2

Is there anyway I can select nodes only contains whitespace (  ,   , 	) using xpath..

here is a example,

<doc>
    <p> </p>
    <p>   </p>
    <p>         </p>
    <p>text</p>
    <p> text</p>
    <p> text</p>
</doc>

I need to select the first 3 <p> nodes which only contains whitespace elements

sanjay
  • 1,020
  • 1
  • 16
  • 38

4 Answers4

2

You need to apply translate and check length of such nodes which only contains spaces.
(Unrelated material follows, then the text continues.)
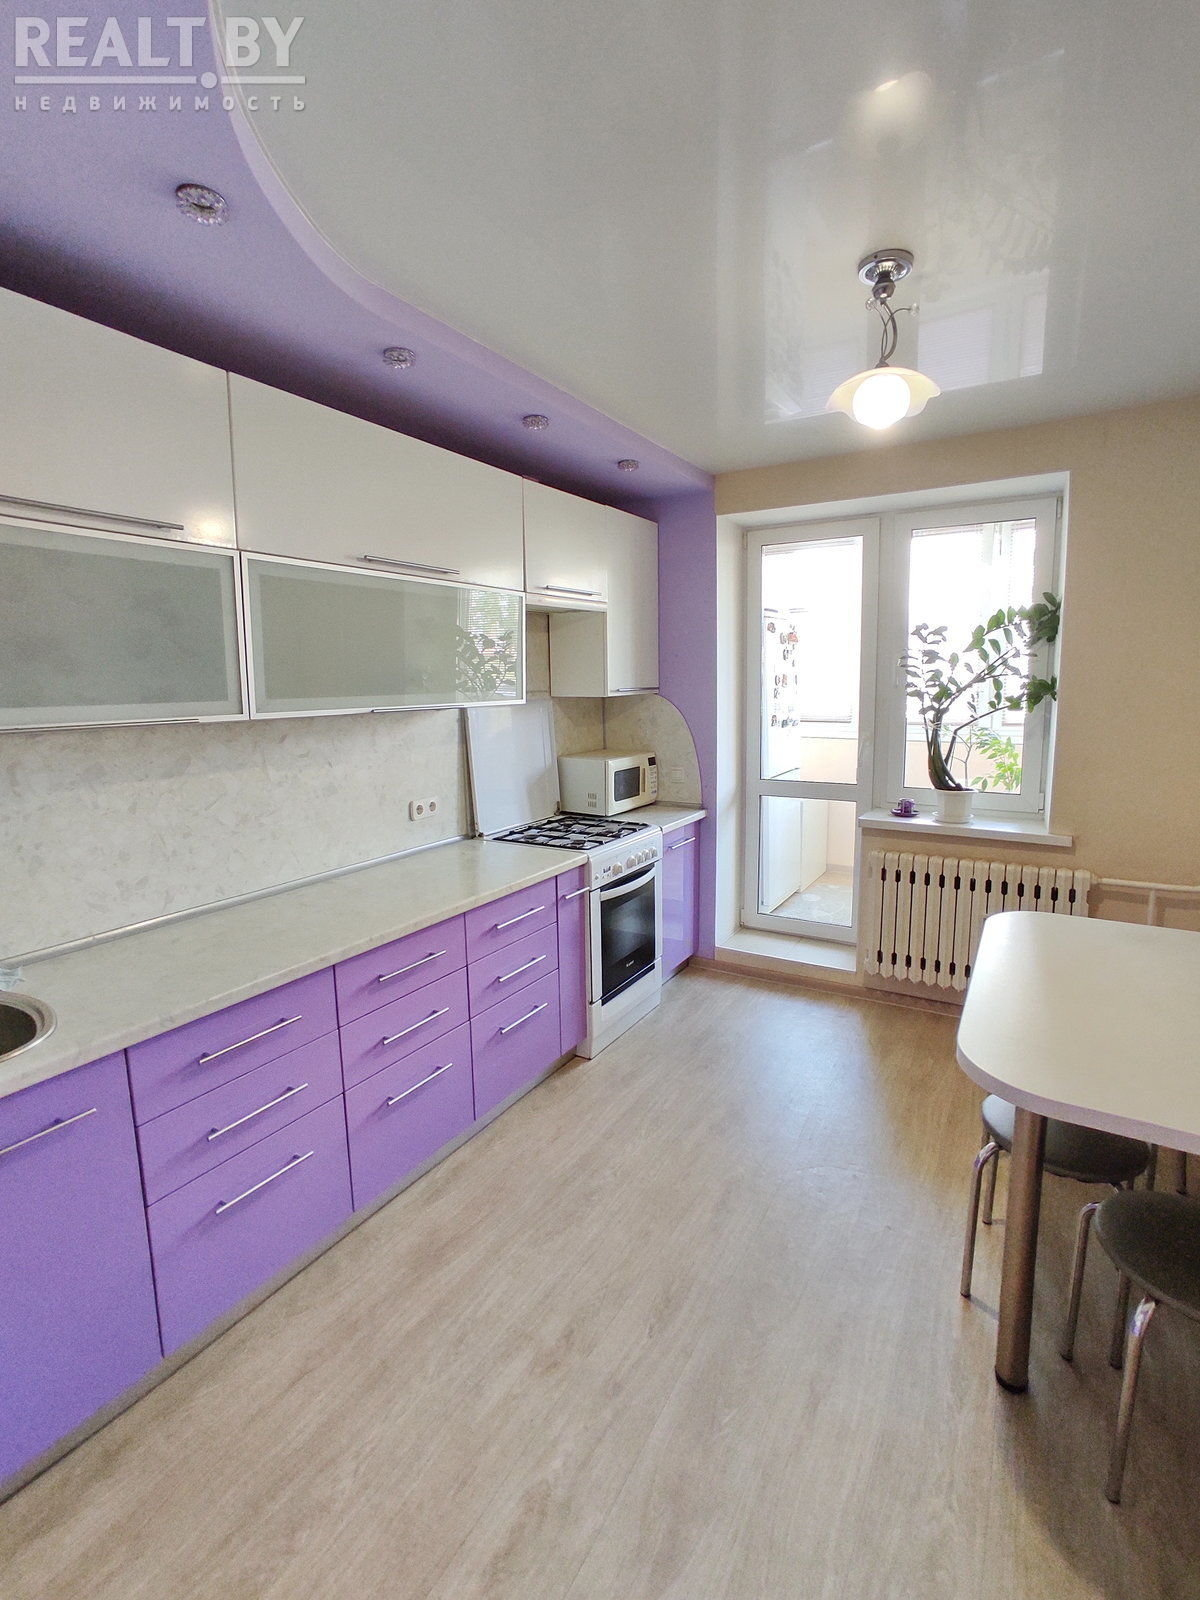 Продается 3-х комнатная квартира, Борисов - фото №6

Demo for you : http://xsltransform.net/ejivdHb/22

So, try following

<xsl:stylesheet version="1.0" 
xmlns:xsl="http://www.w3.org/1999/XSL/Transform"
xmlns:ns1="http://locomotive/bypass/docx" >
<xsl:output method="xml" version="1.0" encoding="UTF-8" indent="yes"/>
<xsl:strip-space elements="*"/>

<!-- identity transform -->
<xsl:template match="node()">
    <xsl:copy>
        <xsl:apply-templates select="node()"/>
    </xsl:copy>
</xsl:template>

<xsl:template match="p">
       <!-- Select only node with white spaces -->
       <xsl:if test="string-length(translate(., ' &#9;&#xA;&#xD;','')) = 0">
          <xsl:copy-of select="." />      
       </xsl:if>

</xsl:template>

</xsl:stylesheet>
ScanQR
  • 3,740
  • 1
  • 13
  • 30
2

To select p nodes that are not empty, but contain only whitespace characters, use:

/doc/p[string() and not(normalize-space())]
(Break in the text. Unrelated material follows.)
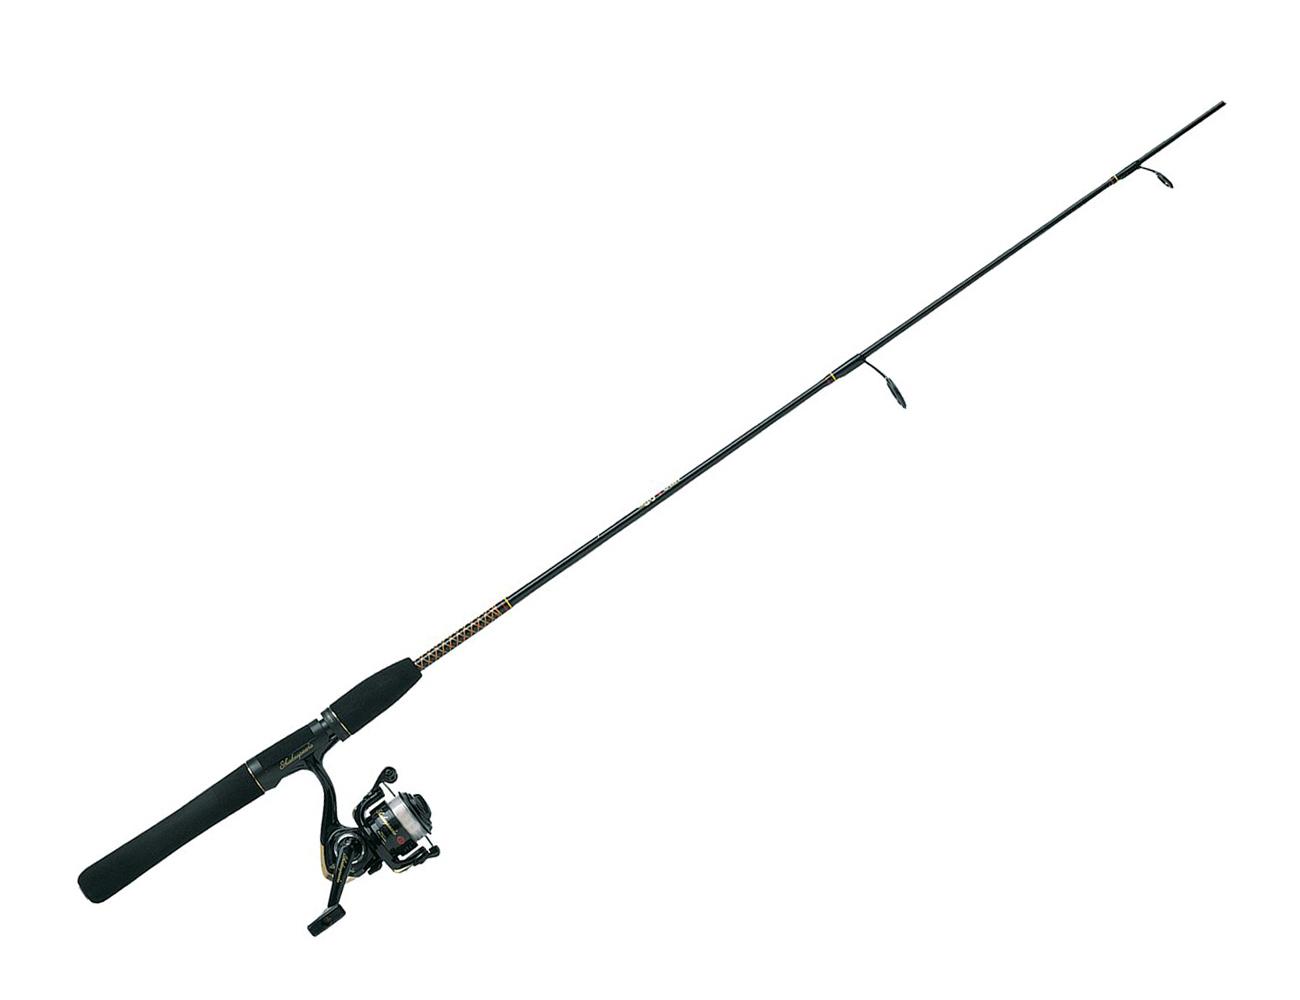 Fishing pole fishing rod clipart kiaavto-Fishing pole fishing rod clipart kiaavto 2 image-8

For example, the following stylesheet:

XSLT 1.0

<xsl:stylesheet version="1.0" 
xmlns:xsl="http://www.w3.org/1999/XSL/Transform">
<xsl:output method="xml" version="1.0" encoding="UTF-8" indent="yes"/>

<xsl:template match="/doc">
    <xsl:copy>
        <xsl:copy-of select="p[string() and not(normalize-space())]"/>
    </xsl:copy>
</xsl:template>

</xsl:stylesheet>

when applied to the following example input:

XML

<doc>
    <p/>
    <p> </p>
    <p>   </p>
    <p>         </p>
    <p>text</p>
    <p> text</p>
    <p> text</p>
</doc>

will return:

Result

<?xml version="1.0" encoding="UTF-8"?>
<doc>
   <p> </p>
   <p>   </p>
   <p>         </p>
</doc>
michael.hor257k
  • 113,275
  • 6
  • 33
  • 51
2

Note that the normal XML definition of whitespace does NOT include the NBSP character (xA0).

To select nodes that contain one or more whitespace characters, and nothing else, where whitespace means x9, xa, xd, x20, and xa0, you can do (in XPath 2.0)

select="//*[matches(., '[&#x9;&#xa;&#xd; &#xa0;]+')]"

Alternatively you might consider

select="//*[matches(., '[\p{Z}]+')]"

which matches many other space-like characters such as em-space, en-space, thin-space, hair-space, ideographic space, etc.

Michael Kay
  • 156,231
  • 11
  • 92
  • 164
-1

You can use following xpath to only select nodes that contain white spaces:

//*[normalize-space(text())='']
Mahipal
  • 900
  • 1
  • 5
  • 7